Payroll tax for medical centres

I hang out with lots of doctors and right now they are all talking about payroll tax.

Last year a NSW case found a medical centre had to pay payroll tax on its contracted GPS. This was followed up by a ruling by the Queensland Treasury saying the same (Although the Queensland government is now saying the ruling won’t apply until 2025 – not sure they can tell the QLD Commissioner of Taxation to ignore the law for a few years but we all know how things work in Queensland).

This means that the conventional medical centre model (where the owner of the medical centre provides the building, admin staff, consumables, record keeping, Medicare claiming, and charge say 30% of the Medicare payment, but the GP does all the medical work and has the right to the Medicare payment) leads to the owner of the centre paying payroll tax on the payments they make to the contracted GPs.

This is a great way to understand payroll tax and the contractor rules.

You see, no matter what jurisdiction you are in, payroll tax rules generally start with all contractors are subject to payroll tax. Then, once you start with all contractors subject to payroll you then start to look for exclusions.

In the QLD Payroll Tax Act, a contractor is subject to payroll tax if the contract provides for the supply of services in relation to the performance of work by one party for or on behalf of the other party… so unless you are buying goods it may fall into this broad definition.

However, the as the Commissioner says in his ruling, all contract for service are included “unless one of the exemptions in s.13B(2) applies”.

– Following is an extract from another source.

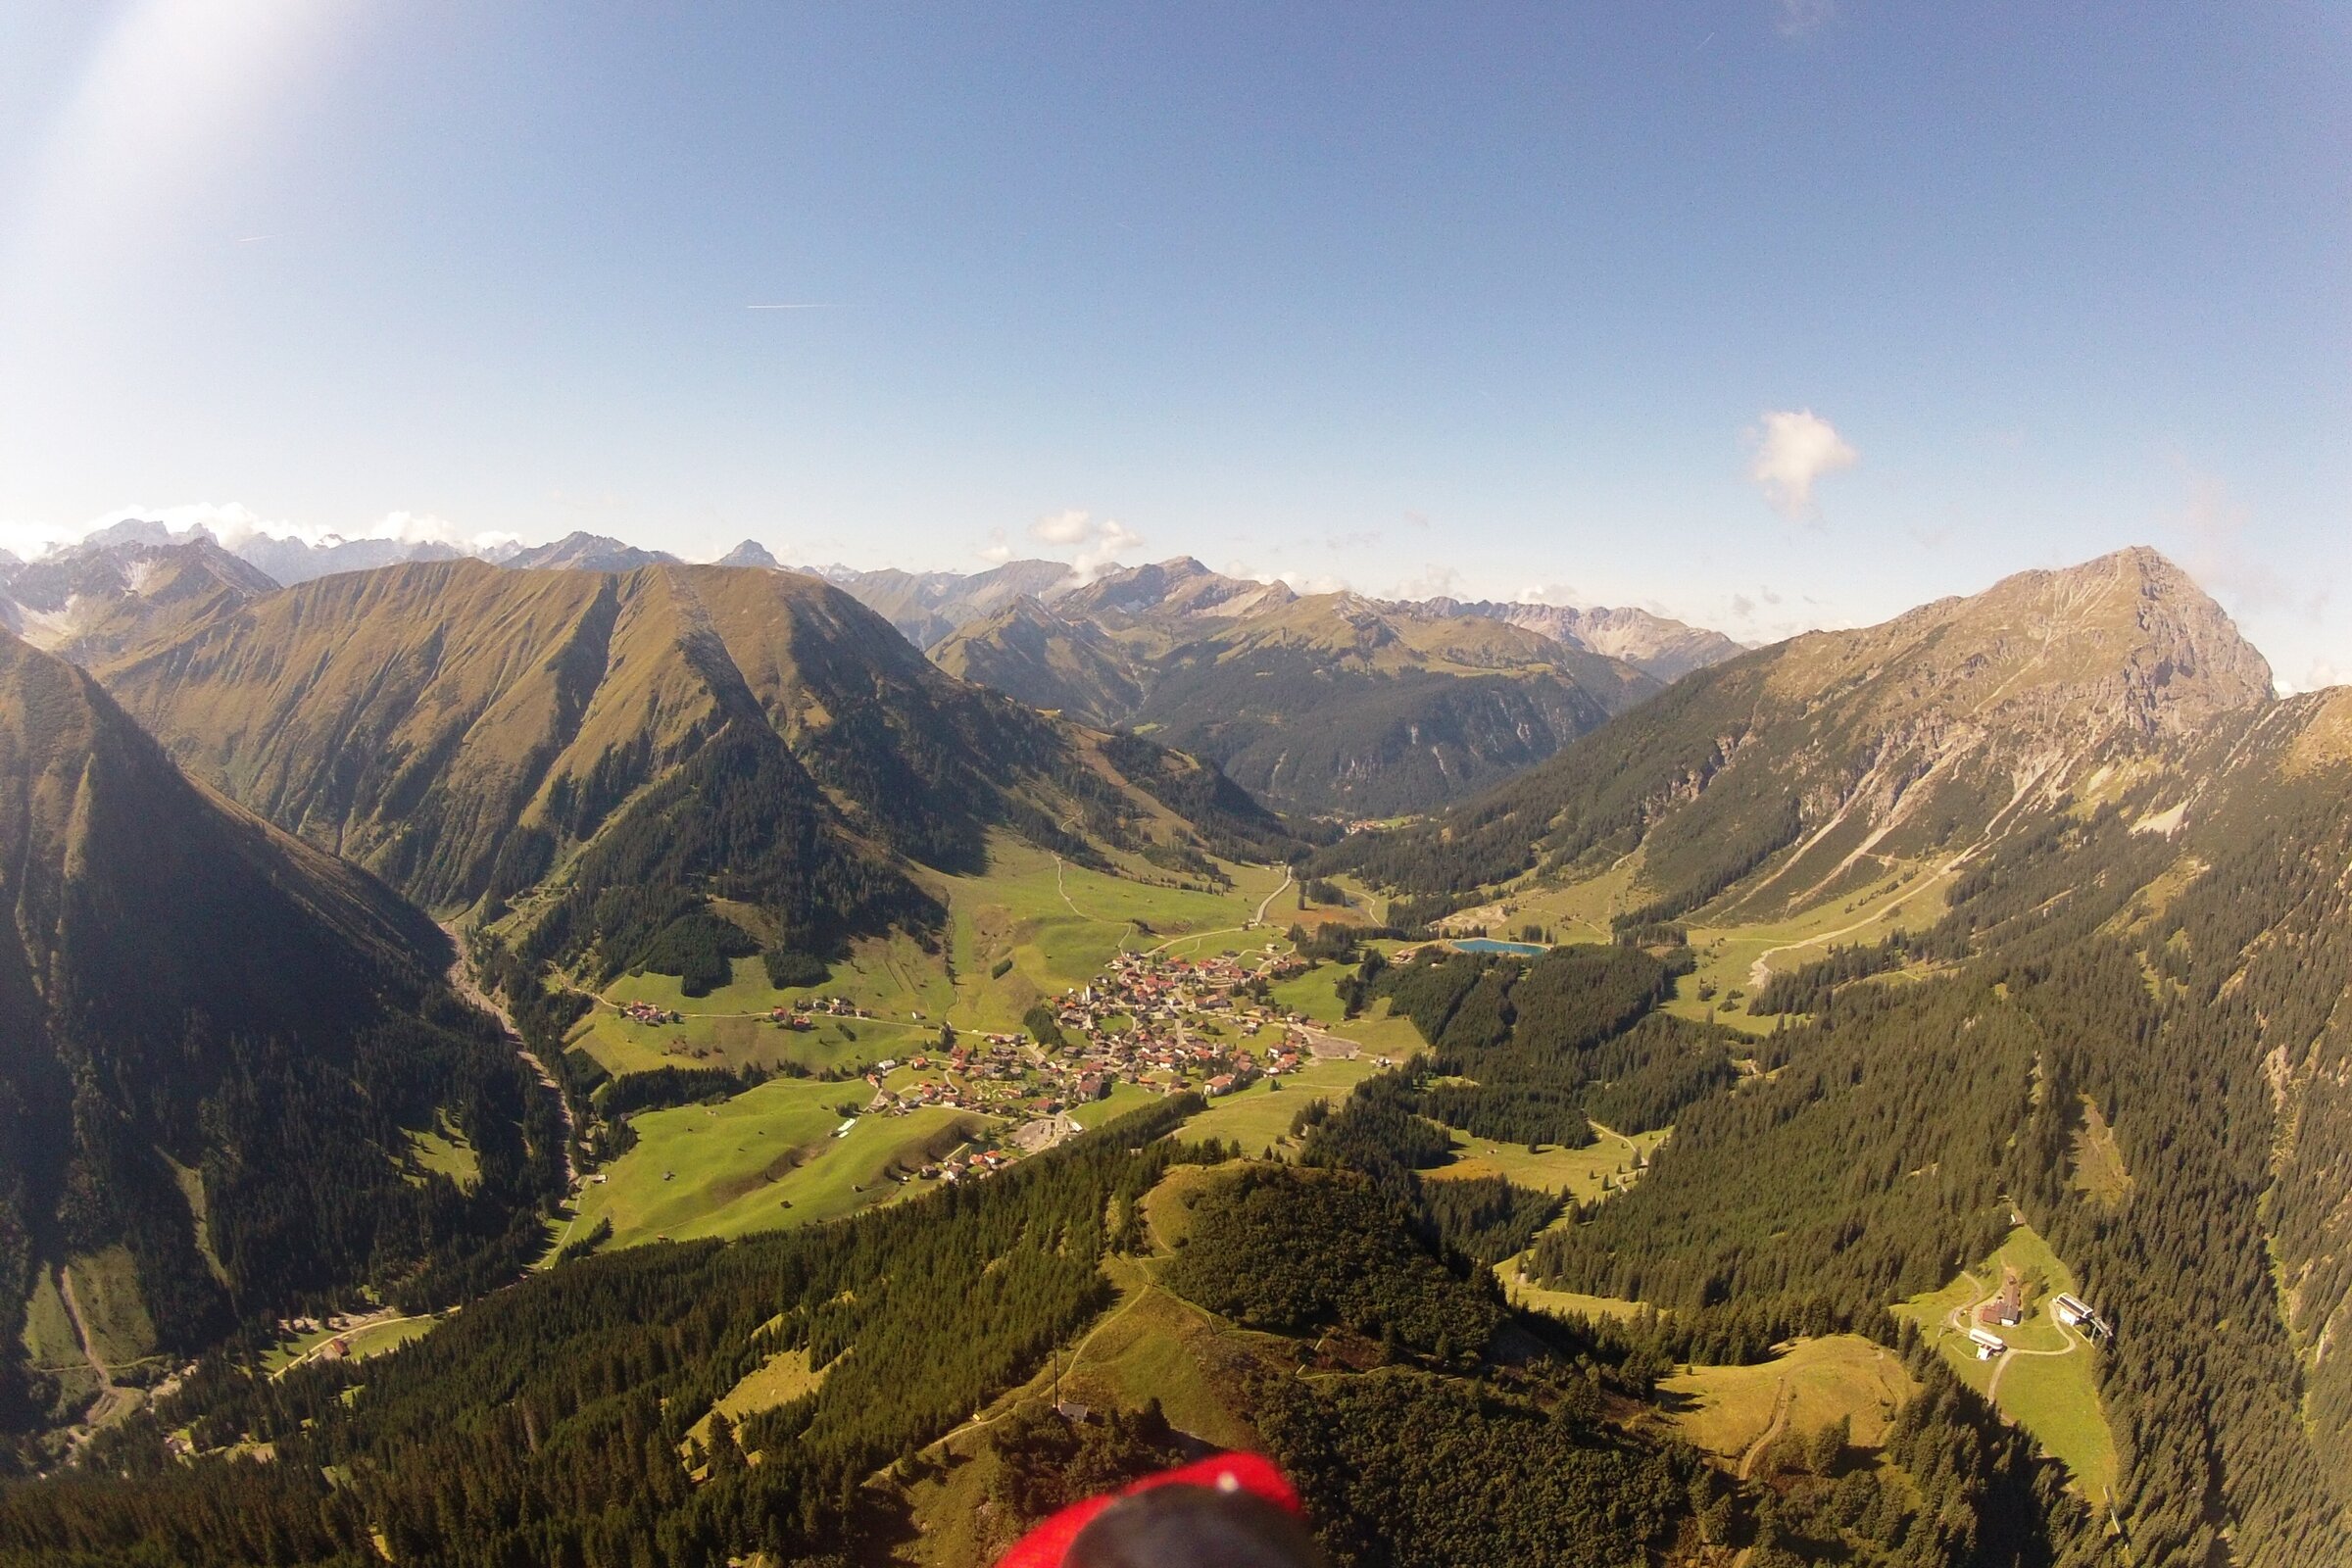 Berwang from the paraglider's perspective

So every contract for services is in and now we start excluding some of them by looking at the exclusions.

How does all this apply in a medical centre?

Well the cases have found that the GPs working in these centres are providing services to the centre. On its face value it appears that the medical centre is the contractor of the GP, providing services to the GP for 30% of their Medicare payment.

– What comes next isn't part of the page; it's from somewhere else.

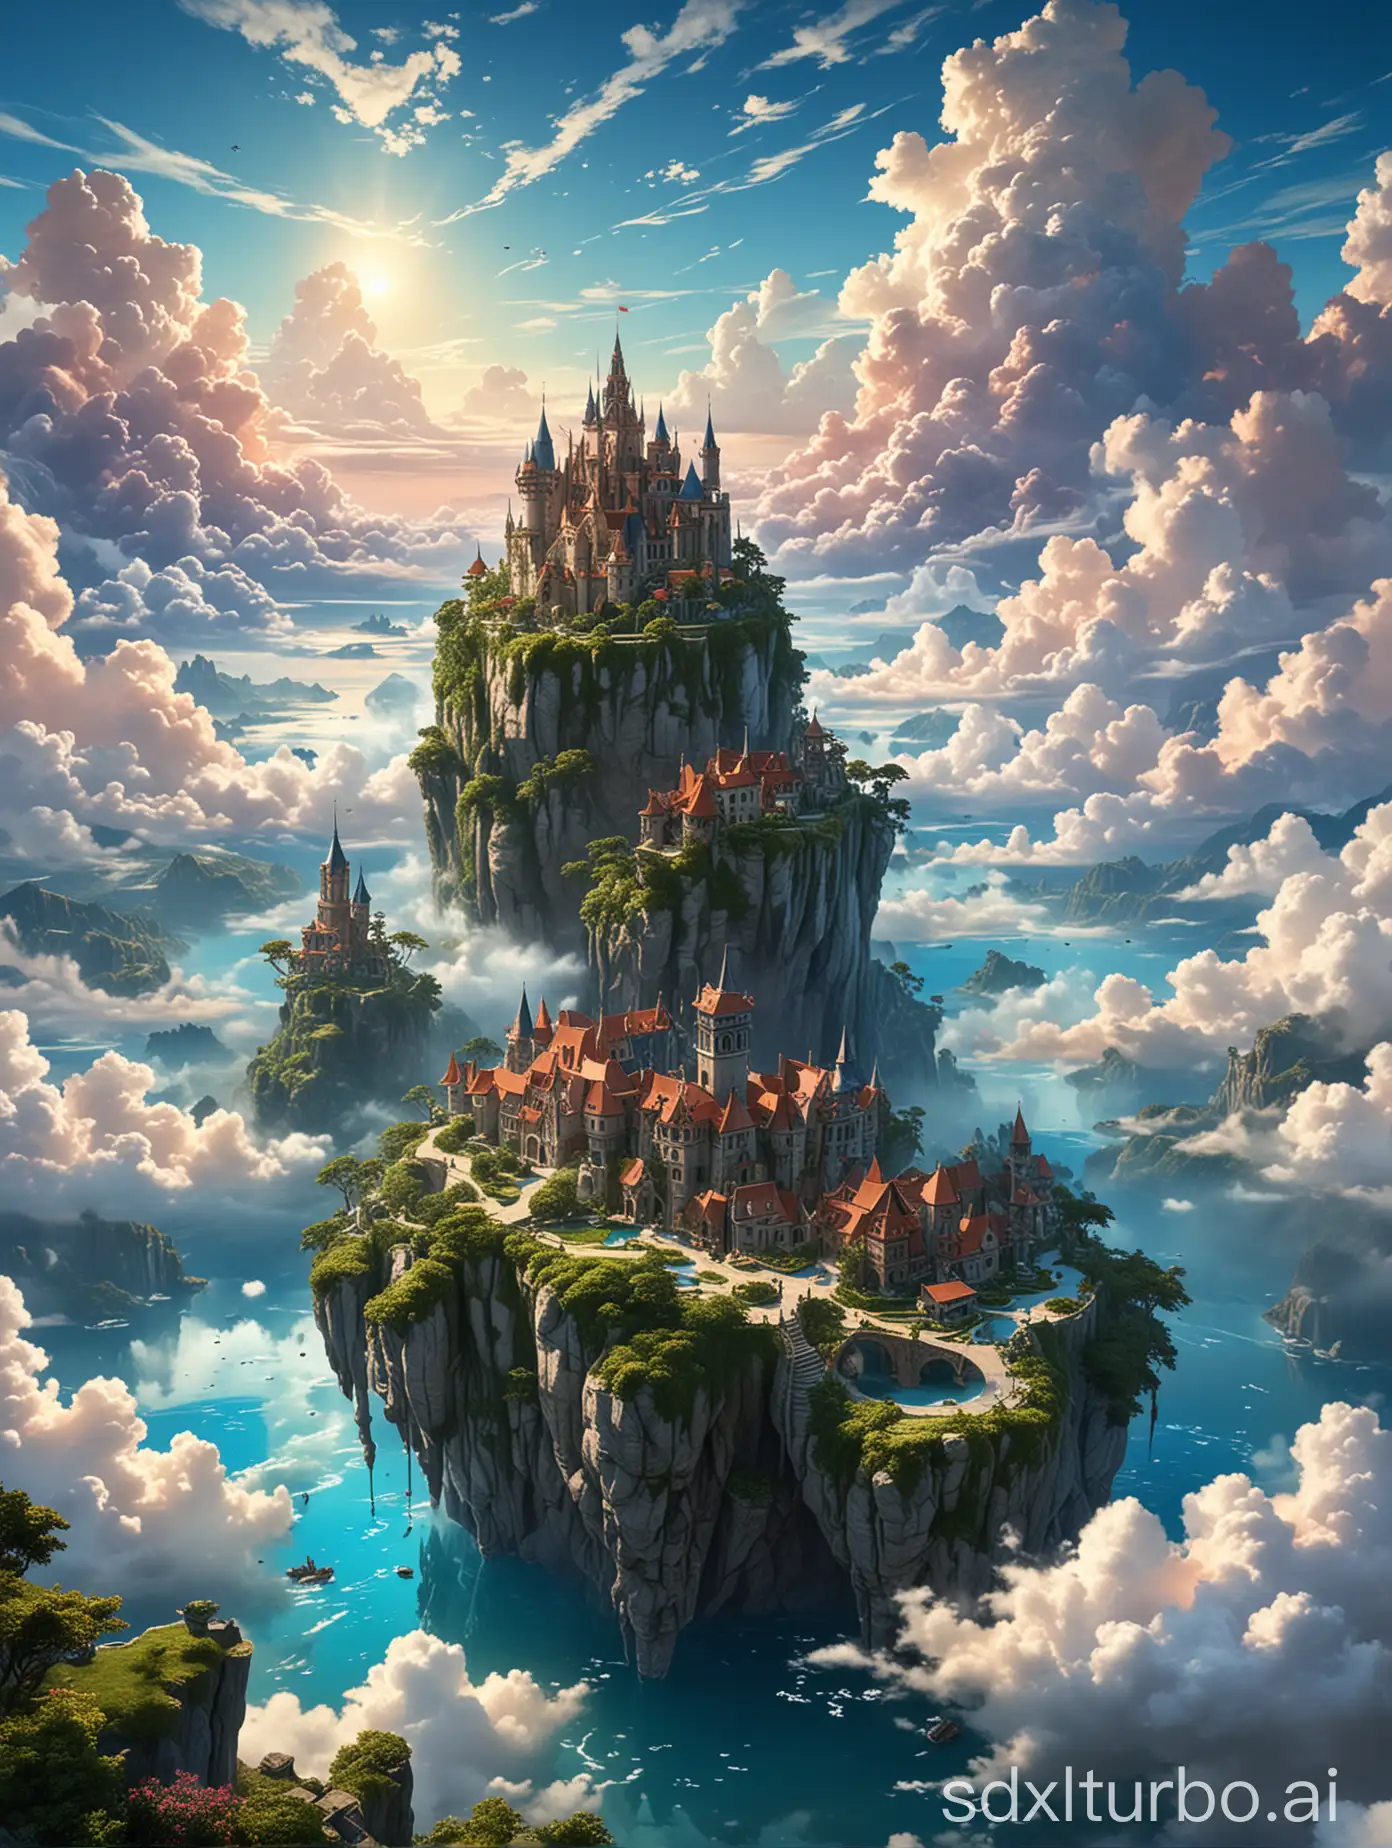 A majestic fantasy landscape with floating islands above a sea of clouds. The main island features an intricate medieval-style structure with arches and a towering building with a spire. Lush greenery, pools, and pathways adorn the island, creating a serene oasis in the sky. In the background, other similarly designed floating landmasses are visible, showcasing more architectural wonders and enhancing the dreamlike ambiance. The scene is bathed in vibrant colors under a clear blue sky with scattered, fluffy clouds.

However, when you read the contracts between the GPs and medical centres, it looks like the GPs are providing services to the medical practices as well… like working five days a week, applying for time off, 2 year restrictive covenants, not working for others…

If the cases and the QLD ruling is correct and the GPs are providing services to the medical centres (the contract terms are the important issue here) then to avoid paying payroll tax, the medical centre owner needs to find an exemption.

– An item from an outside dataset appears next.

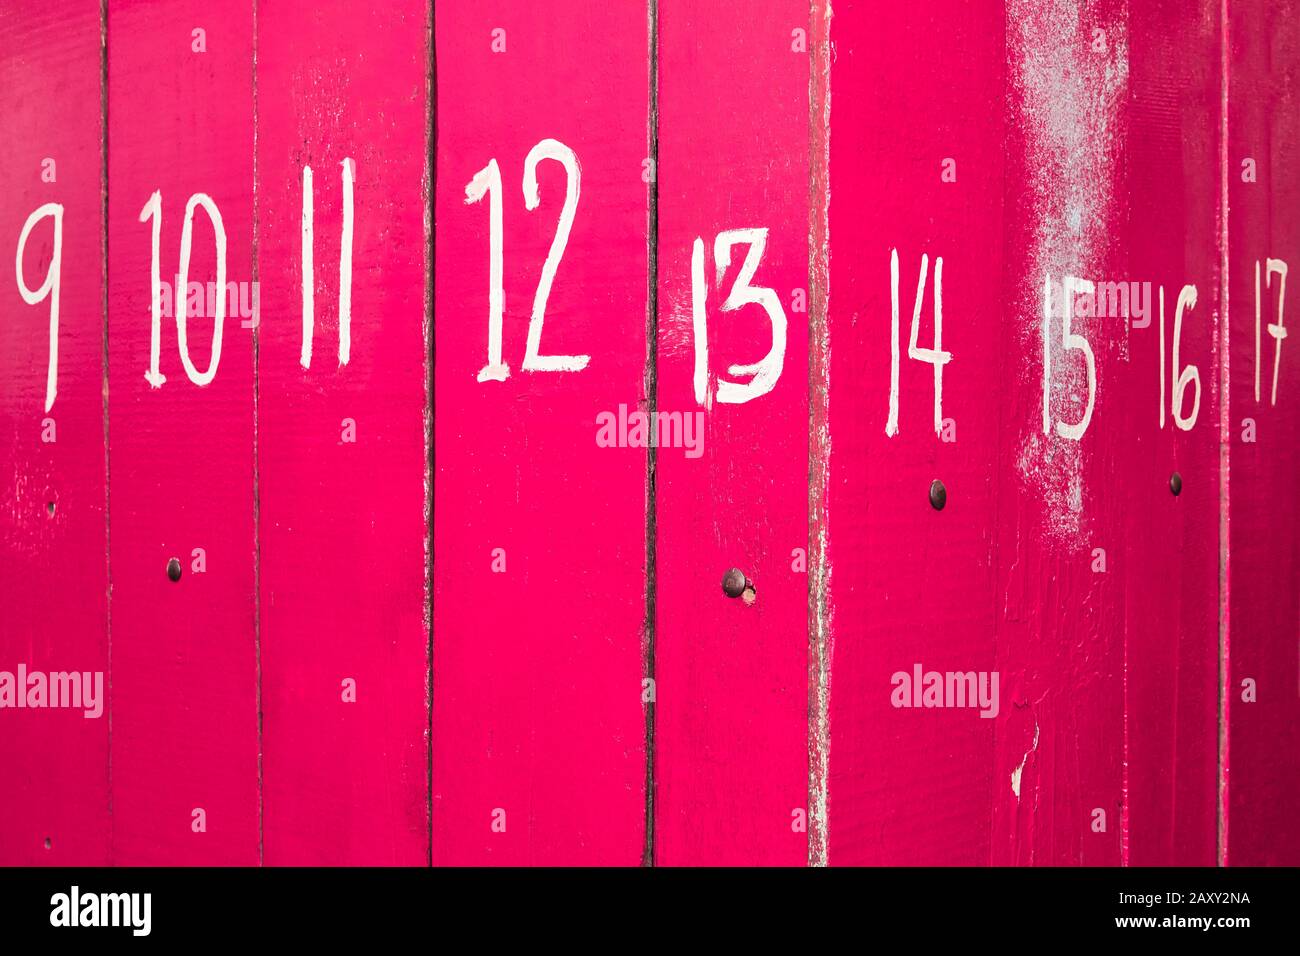 The entrance of a shop is closed with pink painted wooden panels, which are marked with big white numbers. It is often seen in the Philippines, Asia. Stock Photo

The only that may apply is the exemption that the contractor provides the same service to the general public (para 13B(2)(b) (iv)). This sounds good when you first read it until you realise the contract states the GP can only provide the service they provide to the medical centre (not the service they provide to the patients) to this one medical centre.

Most of the other exemptions (less than 90 days) will only apply in very specific cases and not the general medical centre contracting a GP scenario.

So how to fix this?

  1. Don’t have any obligations for the GP to do anything in the contract. If the GP is not providing any services to the medical practice then there cannot be payroll tax. The medical centre won’t want this but it solves the problem.
  2. Therefore, have two separate agreement. One for the services provided by the medical centre to the GPs – where the fee paid to the medical centre is 31% of the Medicare payments. Then have a second agreement for the services the GP agrees to do for the medical centre (for which the GP is paid 1% of the Medicare payments). This means only the second payment is subject to payroll tax and the GP still gets 70% of the medicare billings.

    Or just wait to see if the Government caves in and changes the law.